In undertaking to give the reader of these pages the story of my life, I will not undertake in a solemn strain to narrate this narration, but will try and put as much sunshine in these pages as possible.
I am the son of my Father as all of my Fathers were. I was born very young and have never been ashamed of it, and have never desired to grow old, so at this writing from the best of my recollection, and the evidence set down in the old family Bible, I am now nearing the age of sixty-eight years. That old family record says 1 was born in the year of our Lord on the 16th day of January 1853, so you see I was born in an early day of my life near New Providence in Greene County, Illinois. My Father's name was simply John Howard, and my mother's name was Marjory Ann, her maiden name being Bell. My mother died when I was but five years of age hence my memory concerning her is rather vague. My mother was a beautiful woman being one of the Bells of the community in which she lived, I think I will always hold it against my mother for my good looks, therefore I am not responsible for them.

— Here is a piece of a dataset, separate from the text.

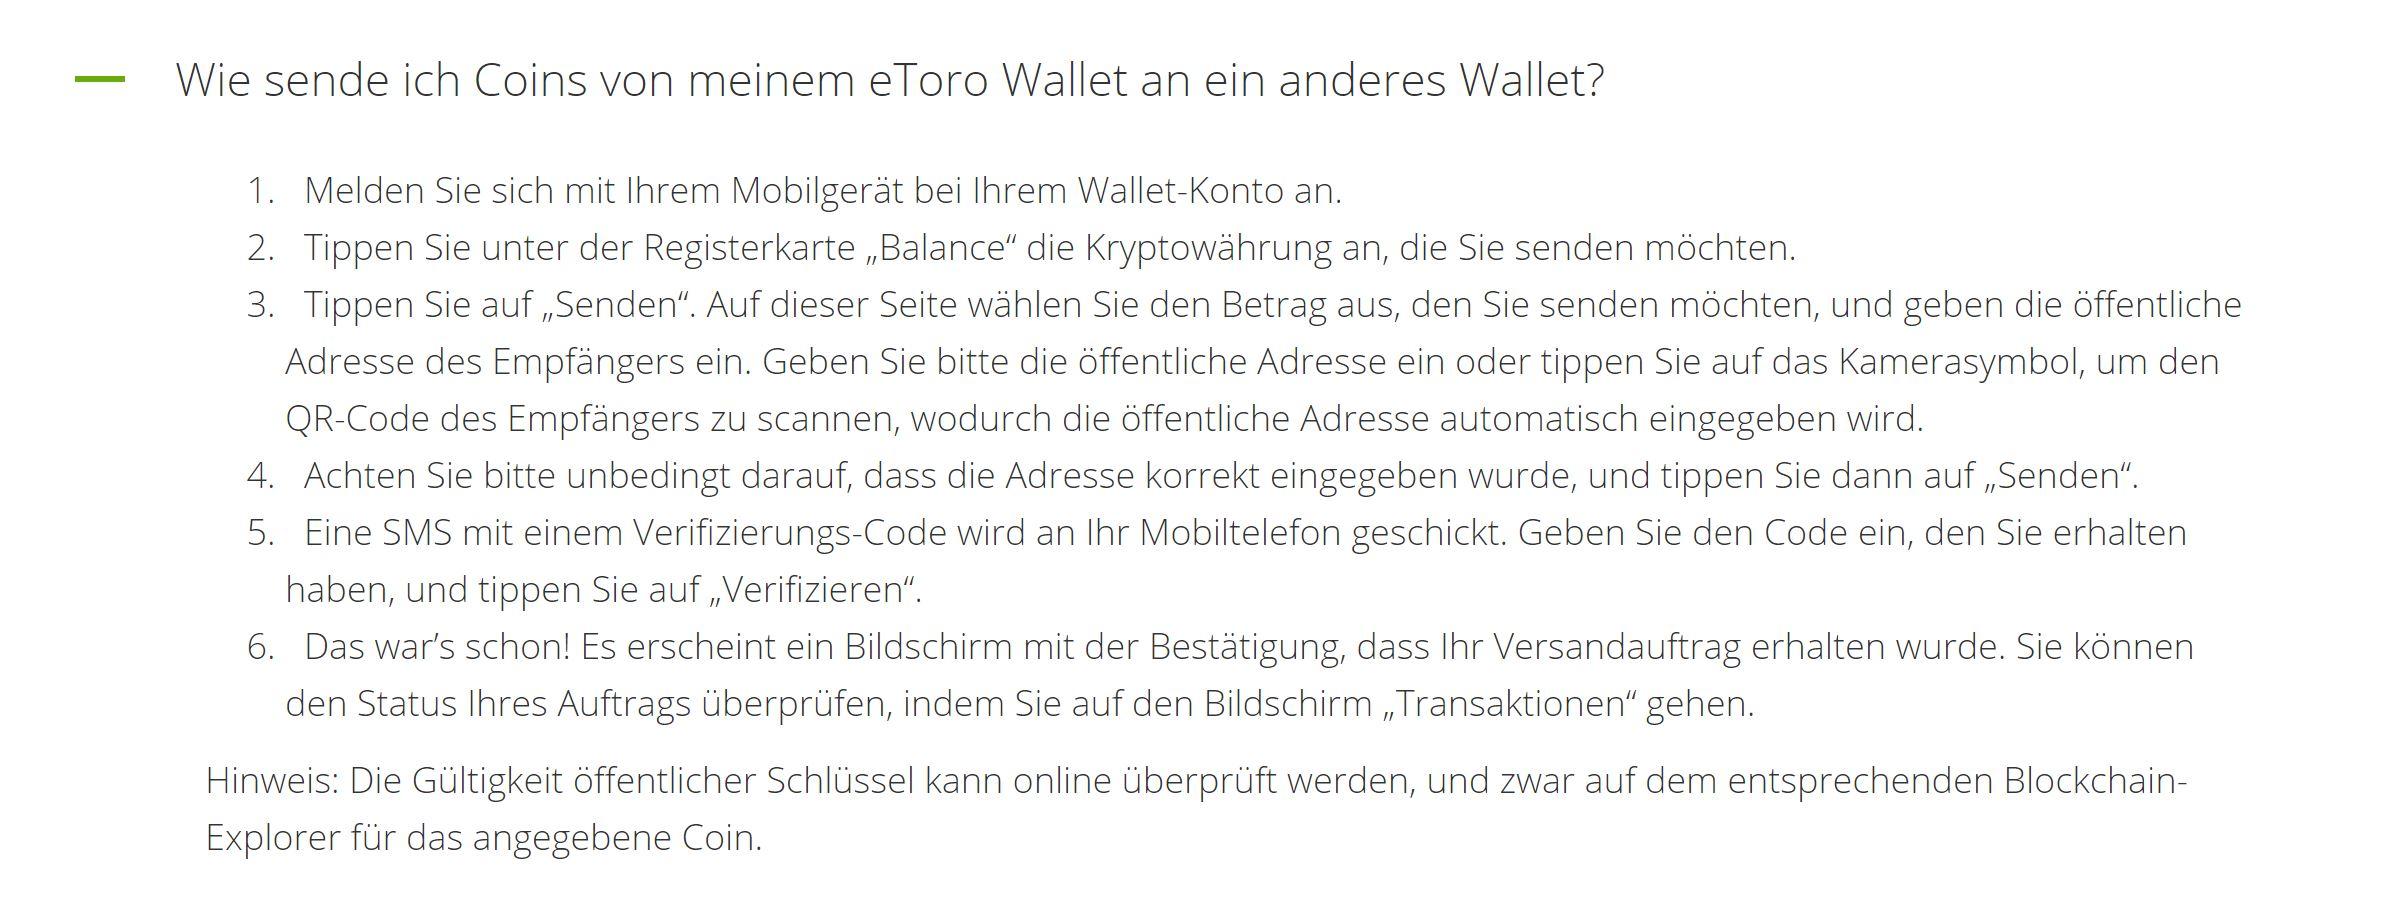 eToro Wallet Krypto senden
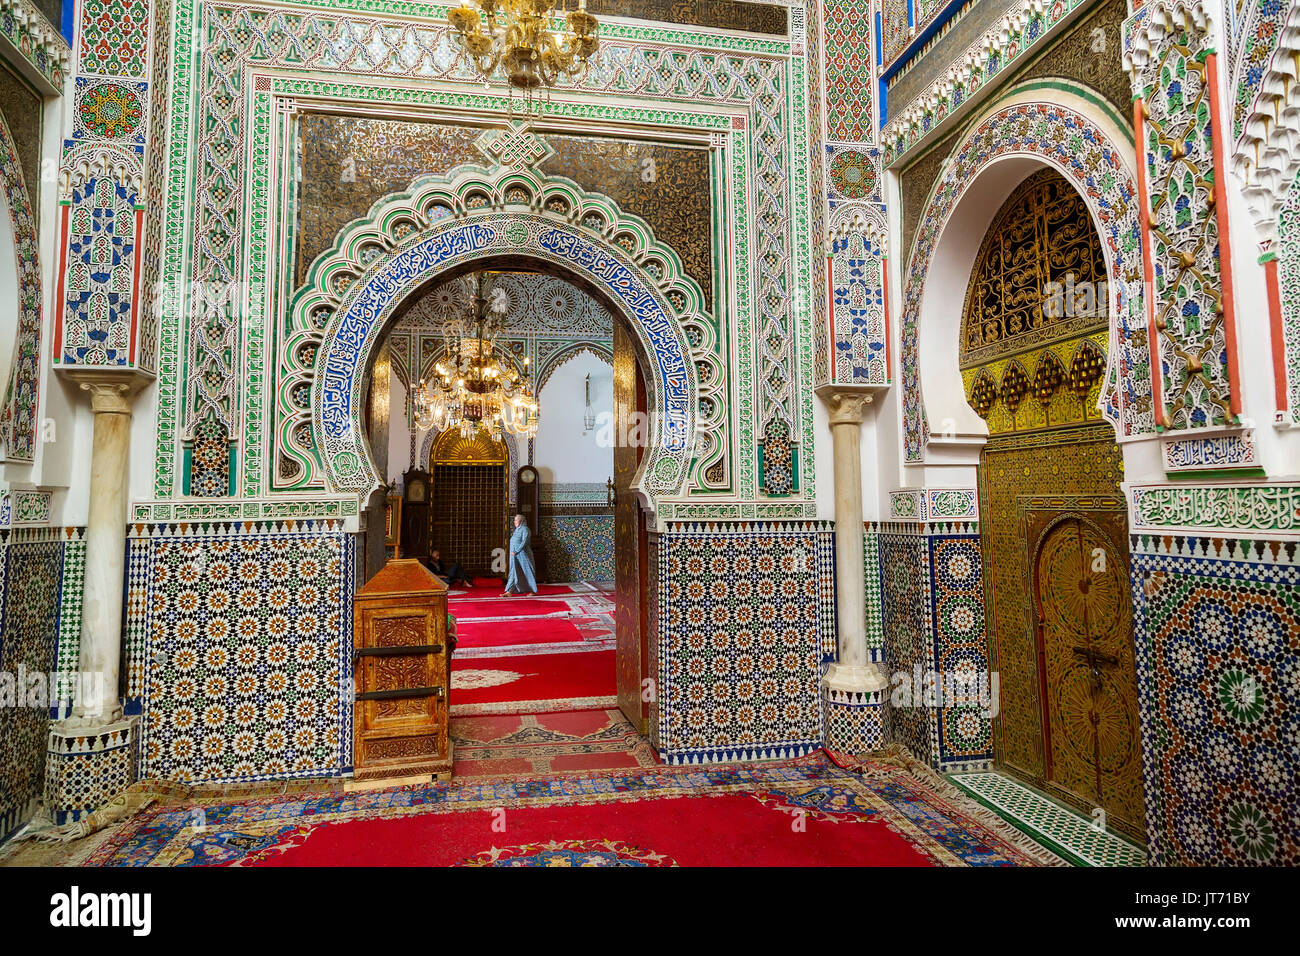 Moulay Idriss II Moschea. Souk Medina di Fez, Fes el Bali. Il Marocco, Maghreb Nord Africa Immagini Stock

My father lived to be 76 years old and anxiously passed to his reward in my own arms.
As I was born very young, I married correspondingly young, at the age of nineteen, and have been married to the same woman ever since. I was very fortunate in my marriage, having found a beautiful girl
in my own community who was willing to take me just as I was. I suppose she thought then that it was a cheap bargain, and now she knows it. The most of our troubles have been little ones, eight of whom
have grown to man and womanhood and they seem real glad that they have been thus fortunate in having us for their parents. I did not have to leave my own community to find a lady girl that would have
me as many young fellows do. I never have been a giant in physical strength or mental ability, or a financial success, but when I die I will take about as much with me as anybody that I know anything
about. 1 brought nothing into this world and it looks like I am going to take precious little out.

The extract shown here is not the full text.